Back to the same expected value question from yesterday, but this time I want to calculate my standard deviation.

To refresh on the details:

I am going to deposit $250.
They will match my deposit.
I can bet with my $500 bankroll.
When I withdraw, $250 is deducted from my cashout.

So if I play 1 hand of baccarat and bet on banker until there is not a tie:

50.68% -> balance = $975 -> cashout = $725
49.32% -> balance = 0 -> cashout = $0

So expected value = 117.48

0.506852033______475______240.7547157
0.493150343_____-250_____-123.2875858
__________________________117.4671299


What is the standard deviation of this?

When I calculate the standard deviation bu taking 240.75 and -123.29 as the other I get 257.42 which I think is wrong since the probabilities of each result occuring isn't 50/50 but 50.68%/49.32%.

So I lined up in excel 5069 cells containing 240.75 and then 4931 cells containing -123.28 and then found the standard deviation of this to be 182.01. This I feel should be correct since the sample size now represents the expected ratio of results.

Is the second way the proper way to do this?

Thanks.

[ QUOTE ]
Back to the same expected value question from yesterday, but this time I want to calculate my standard deviation.

To refresh on the details:

I am going to deposit $250.
They will match my deposit.
I can bet with my $500 bankroll.
When I withdraw, $250 is deducted from my cashout.

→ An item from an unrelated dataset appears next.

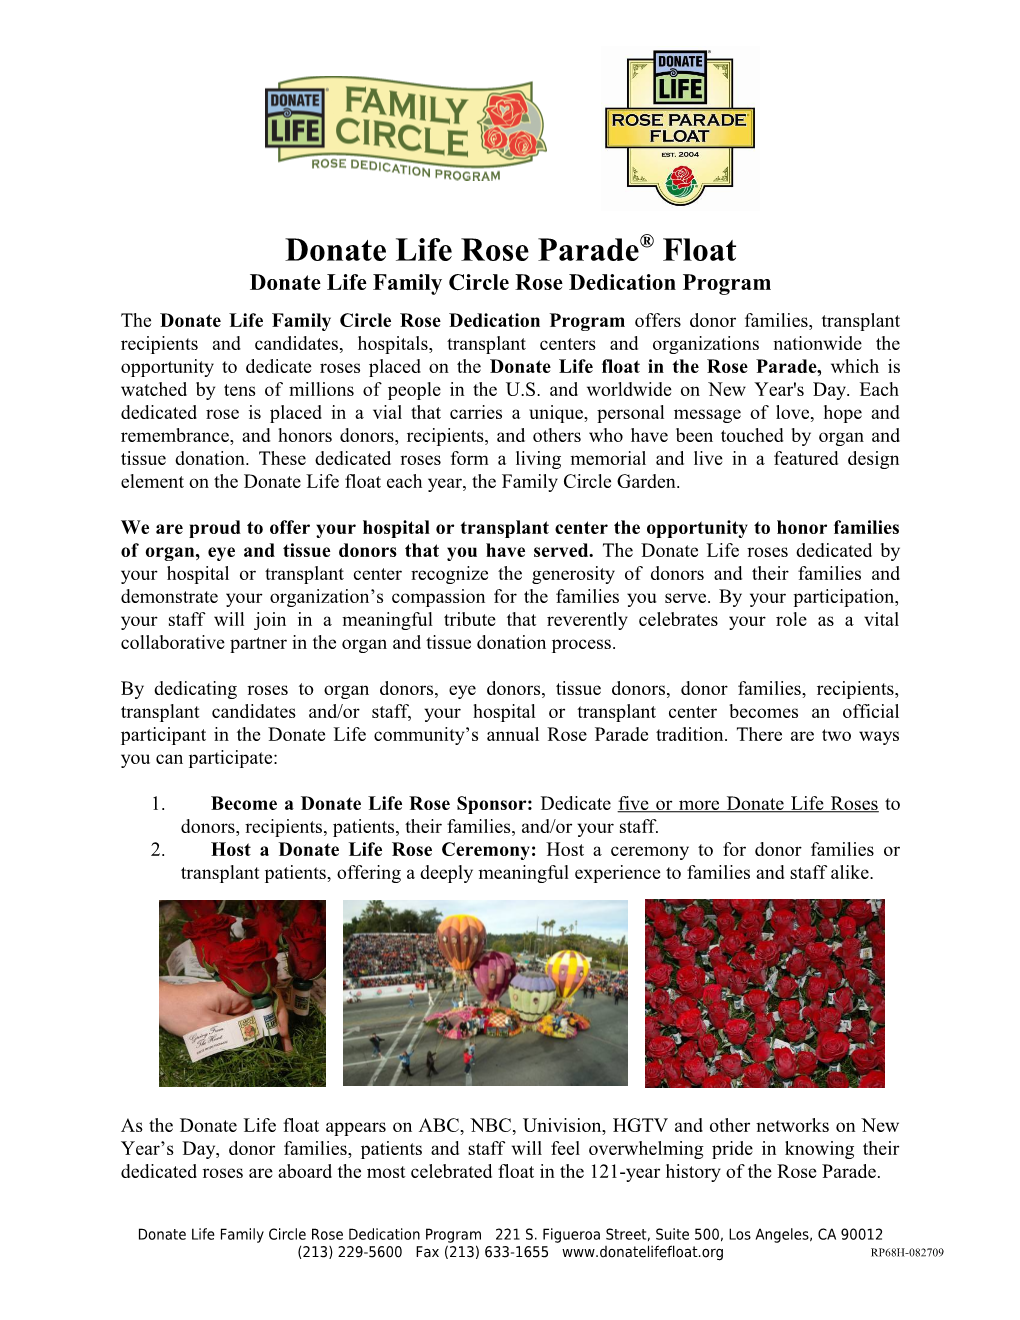 Donate Life Family Circle Rose Dedication Program

So if I play 1 hand of baccarat and bet on banker until there is not a tie:

50.68% -> balance = $975 -> cashout = $725
49.32% -> balance = 0 -> cashout = $0

So expected value = 117.48

0.506852033______475______240.7547157
0.493150343_____-250_____-123.2875858
__________________________117.4671299


What is the standard deviation of this?

When I calculate the standard deviation bu taking 240.75 and -123.29 as the other I get 257.42 which I think is wrong since the probabilities of each result occuring isn't 50/50 but 50.68%/49.32%.

So I lined up in excel 5069 cells containing 240.75 and then 4931 cells containing -123.28 and then found the standard deviation of this to be 182.01. This I feel should be correct since the sample size now represents the expected ratio of results.

Is the second way the proper way to do this?

Thanks.

[/ QUOTE ]

No, doing it that way you would have to enter your results of 475 and -250. You can use this formula, where E(x) is the expected value of x:

variance(x) = E(x^2) - [E(x)]^2

variance = 0.506852033 * (475)^2 + 0.493150343 * (-250)^2 - (117.47)^2

standard deviation = sqrt(variance) = 362.47

[ QUOTE ]
[ QUOTE ]
snip
I am going to deposit $250.
They will match my deposit.
I can bet with my $500 bankroll.
When I withdraw, $250 is deducted from my cashout.

So if I play 1 hand of baccarat and bet on banker until there is not a tie:

50.68% -> balance = $975 -> cashout = $725
49.32% -> balance = 0 -> cashout = $0

So expected value = 117.48

0.506852033______475______240.7547157
0.493150343_____-250_____-123.2875858
__________________________117.4671299


What is the standard deviation of this?

snip

[/ QUOTE ]

No, doing it that way you would have to enter your results of 475 and -250. You can use this formula, where E(x) is the expected value of x:

variance(x) = E(x^2) - [E(x)]^2

variance = 0.506852033 * (475)^2 + 0.493150343 * (-250)^2 - (117.47)^2

standard deviation = sqrt(variance) = 362.47

[/ QUOTE ]

Or the equally correct (but usually less practical) alternative formula:
Var[X] = Sum ((X - E[X])^2 * P(x))
Here Var[X] = (475-117.47)^2*.50685 + (-250-117.47)^2*.49315
Var[X]= 131381 and SDev[X]=362.47 as above.